In the case and impeding execution of Mary Jane Fiesta Veloso executing those on the bottom rungs of the ladder in the chain of drug trafficking or those caught in the web of human trafficking who may not have had the luxury of qualified representation or even proper translators during their trial seems more than unfair and proves what? That a government chooses to condemn those that it would appear few if anyone truly cares about or has ever cared about to begin with? A mother who's quite possibly sincere hopes of making a better life for her and her children have been destroyed in a tragic circumstance and with her execution only makes things worse for her family and the sorrow of those who do care that much greater.

I realize I am no one and no one to get involved with your affairs or those of your government and how this letter reads or anyone other than yourself thinks of it is irrelevant. Only the lives of these three human beings are what's important now. That said I did not speak in jest or empty flattery when I spoke of how I and my organization were affected by the depth of warmth shown us by the Indonesian people during our performance and stay in Jakarta.

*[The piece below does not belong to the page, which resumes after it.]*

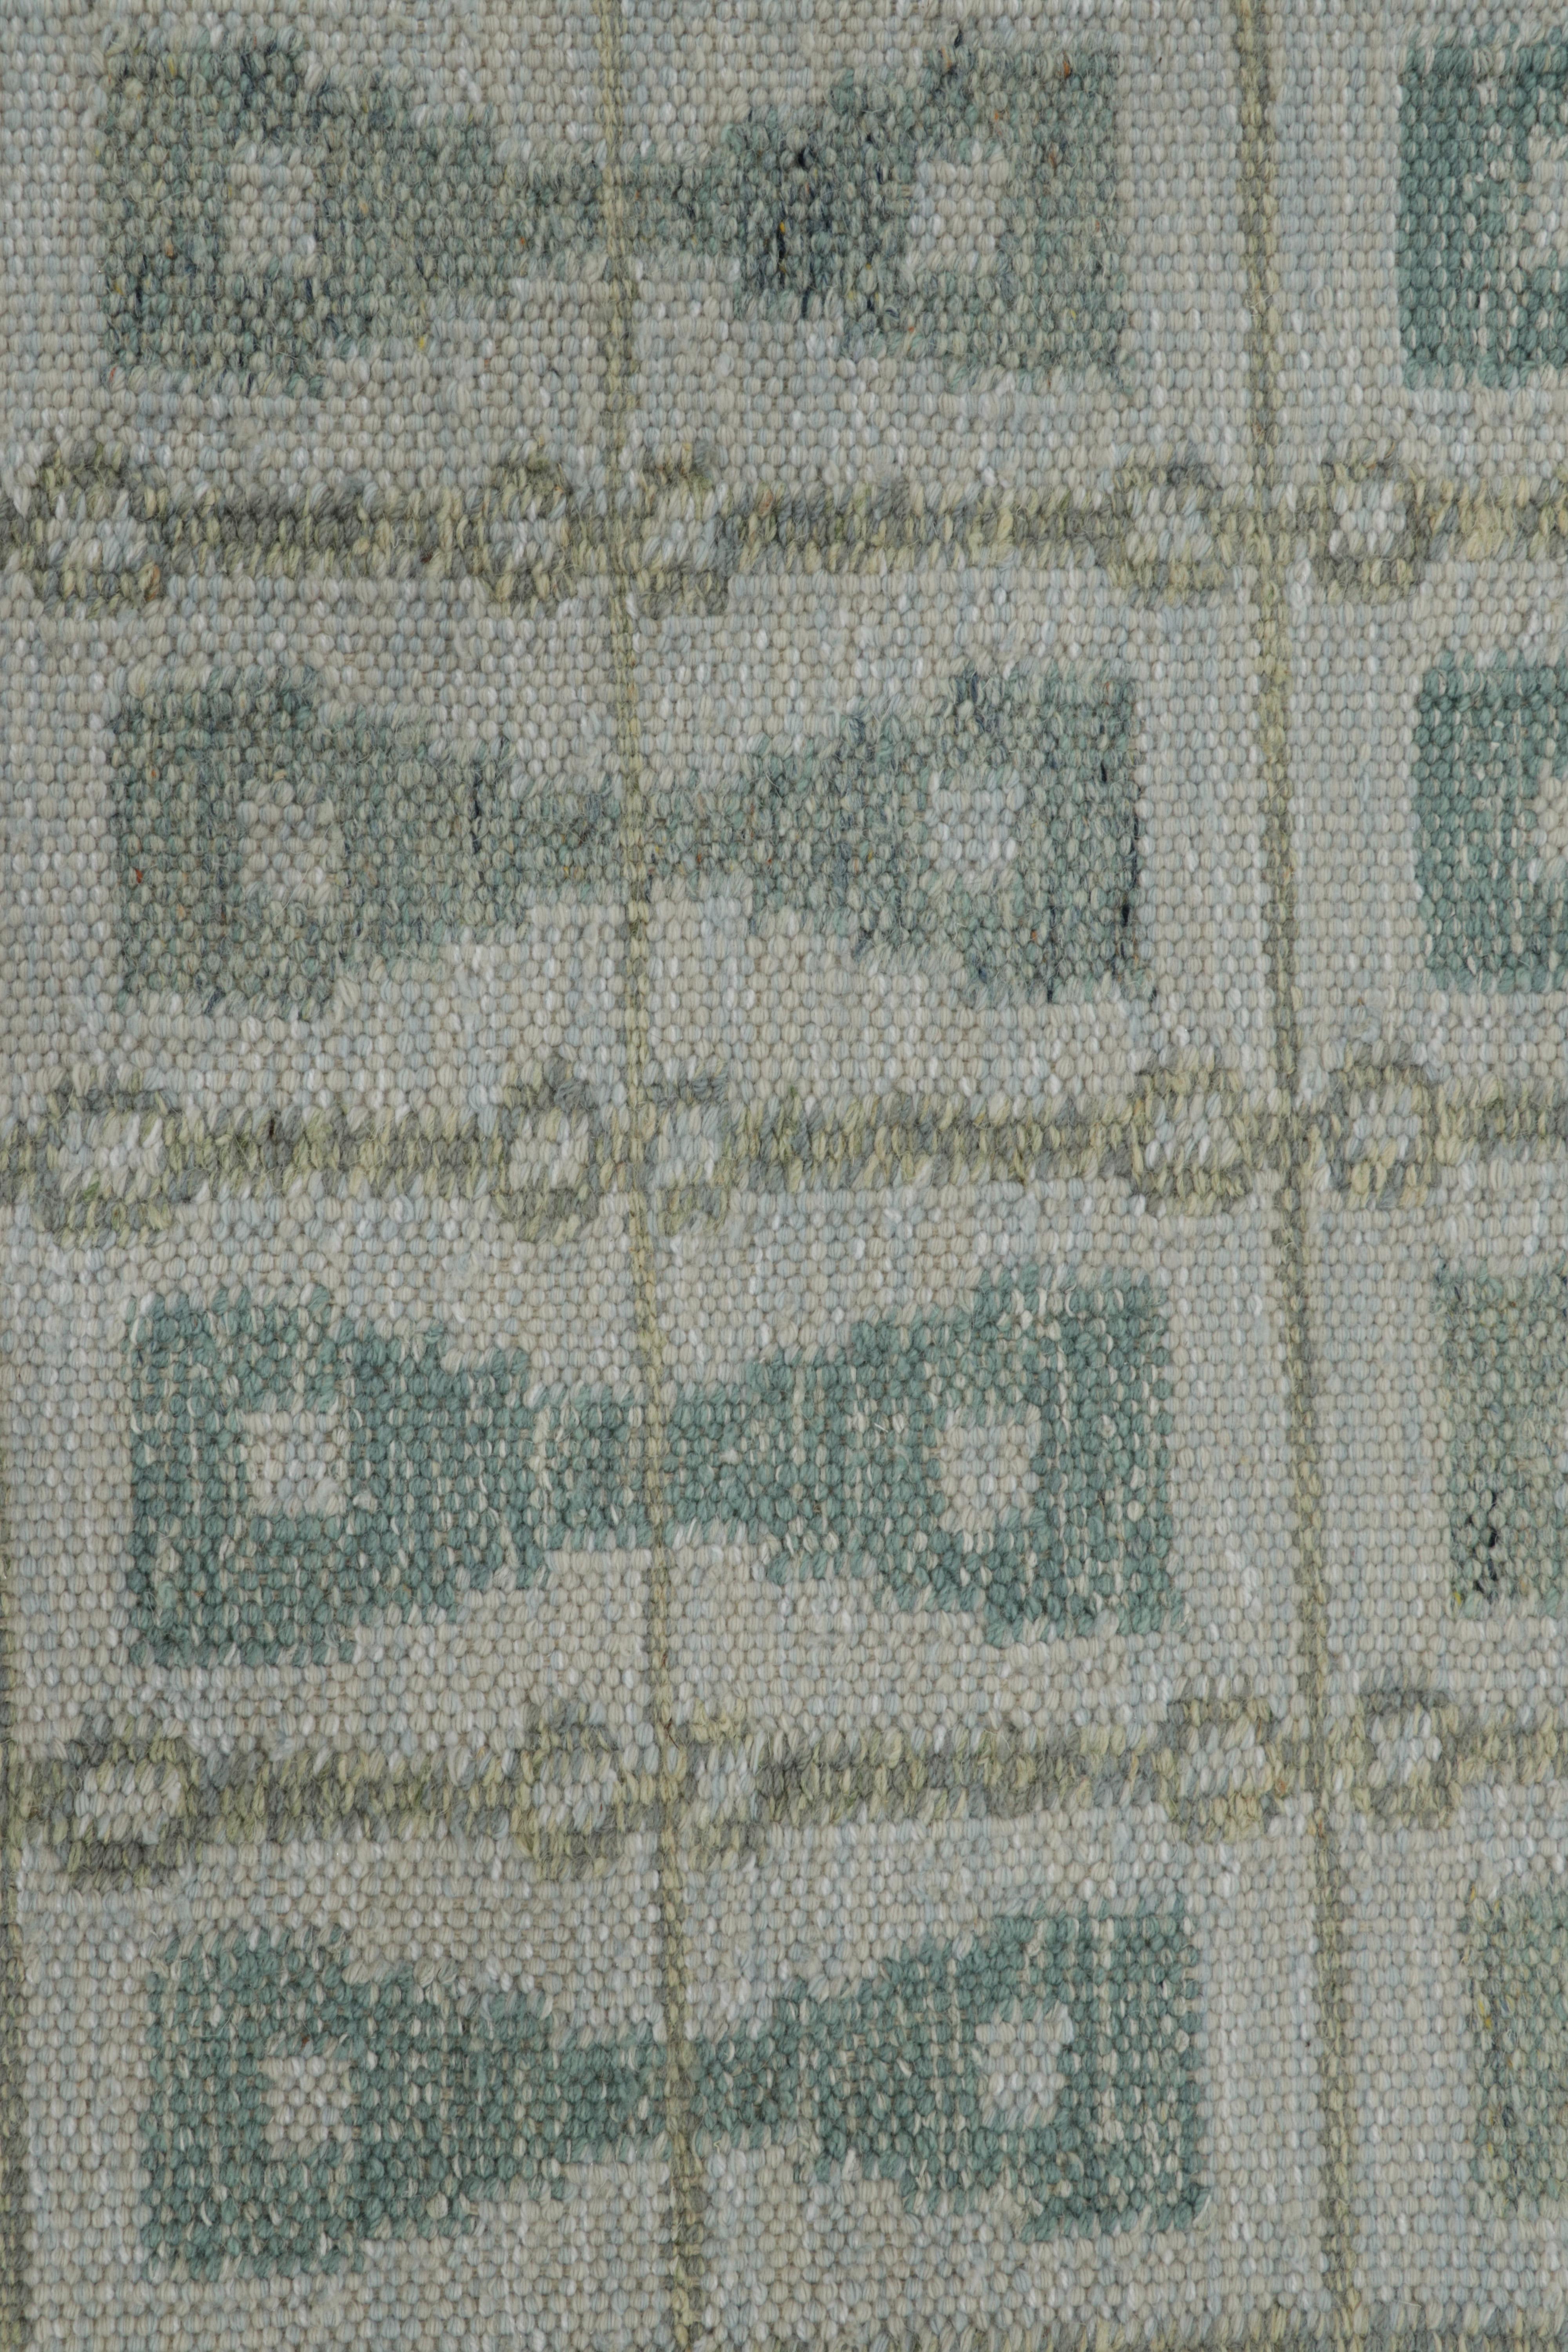 Issu d'une nouvelle collection passionnante de pièces en format cadeau, ce tapis d'appoint 4x4 de style suédois est un nouvel ajout audacieux à la Collection Scandinave de Rug & Kilim. Tissé à la main dans un tissage plat en laine avec également des
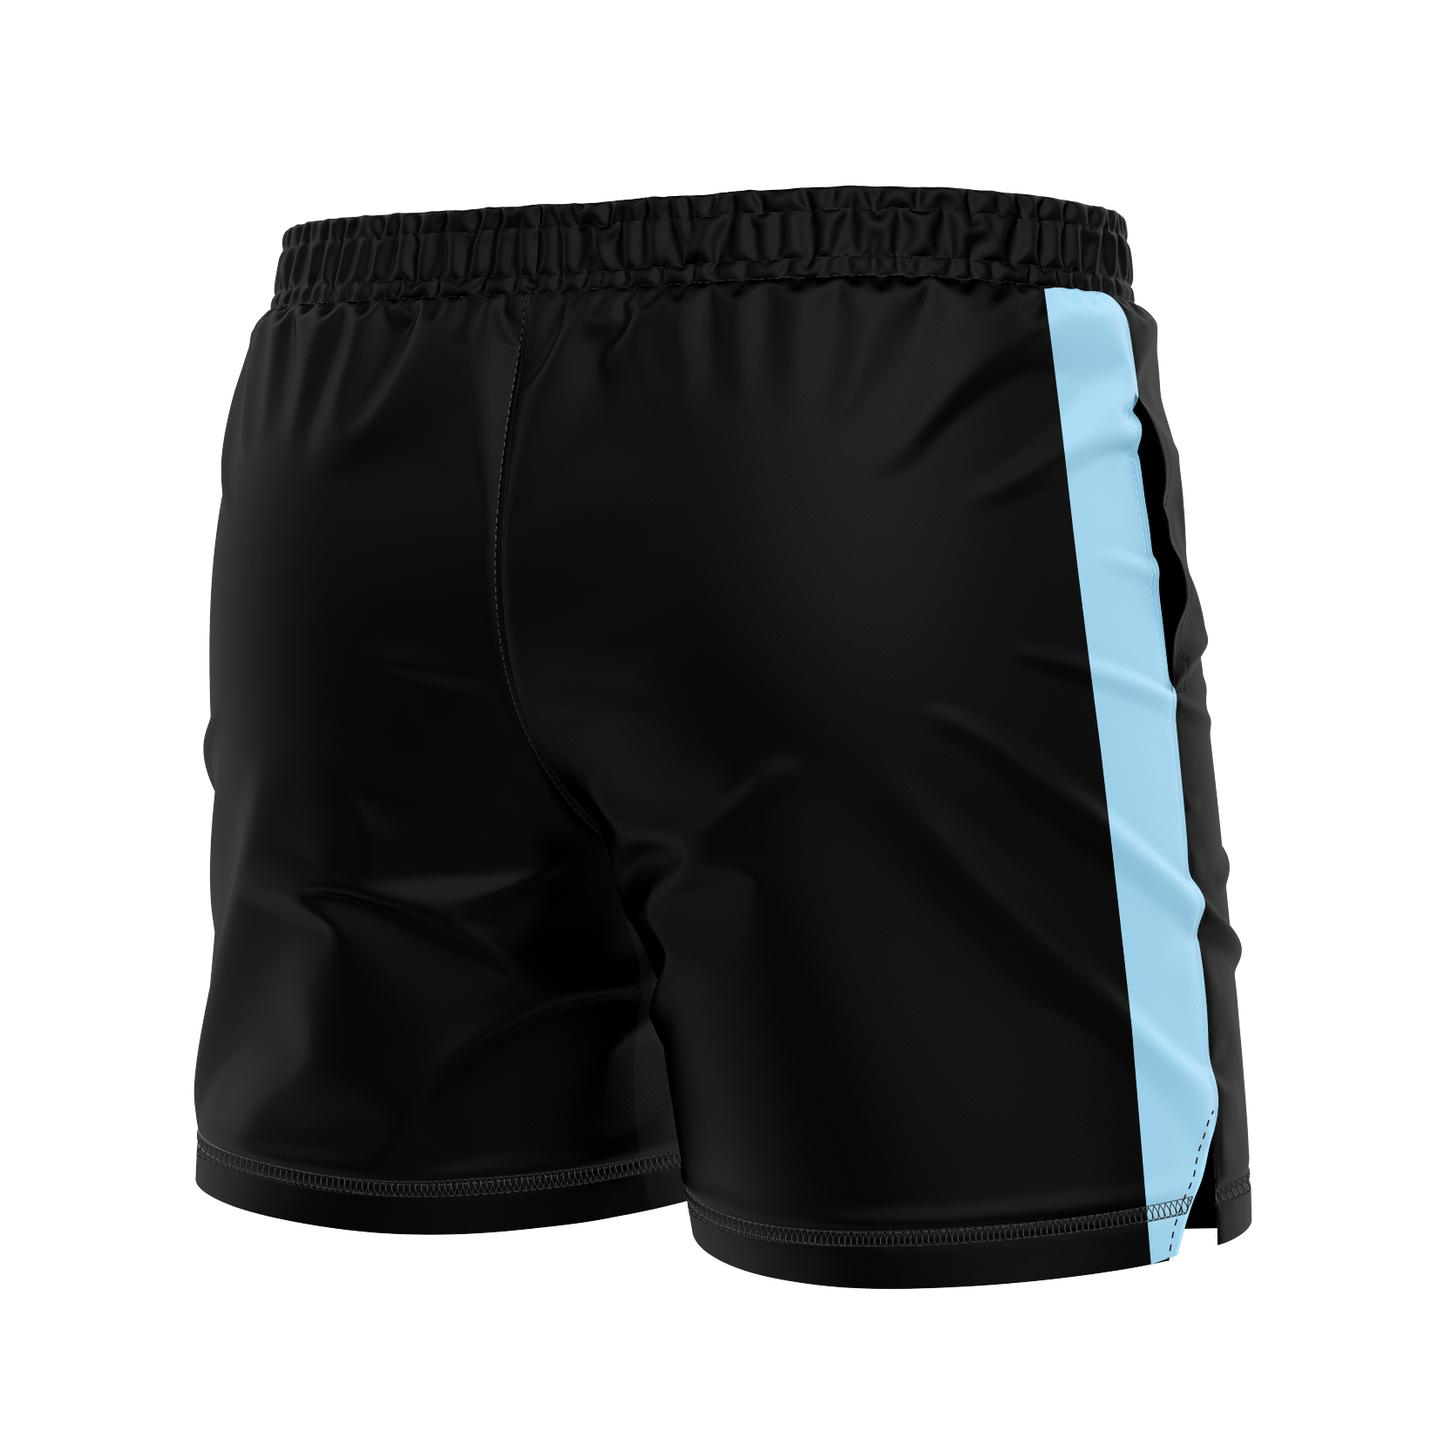 CCFC men's FC shorts La Albicelest, black and blue

I ask you now to show such great depth of humanity and compassion now to these individuals and to deny your bloodlust in your war on drugs and grant clemency to these three individuals and give them a permanent stay of execution and to change the course of your own life and place in both your country's and world history. No other can do what you alone have the power to do and that is the power to show benevolence and mercy where mercy can be truly appreciated and given it's proper respect not only by the condemned but by the entire world and it's many leaders.

Give them a chance to prove you right by living where their deaths at this stage can only prove tragic and by all involved avoidable and unnecessary. You've made your point and struck fear in both the hearts and minds of the condemned and anyone even remotely considering bad choices or already involved in those worlds. Their crimes were not committed on your watch. Life is the only thing important now, not death but life.

Sincerely,

W. Axl Rose


cc:

U.S. Secretary of State, John Kerry

U.S. Ambassador to Indonesia, Ambassador Robert O. Blake Jr.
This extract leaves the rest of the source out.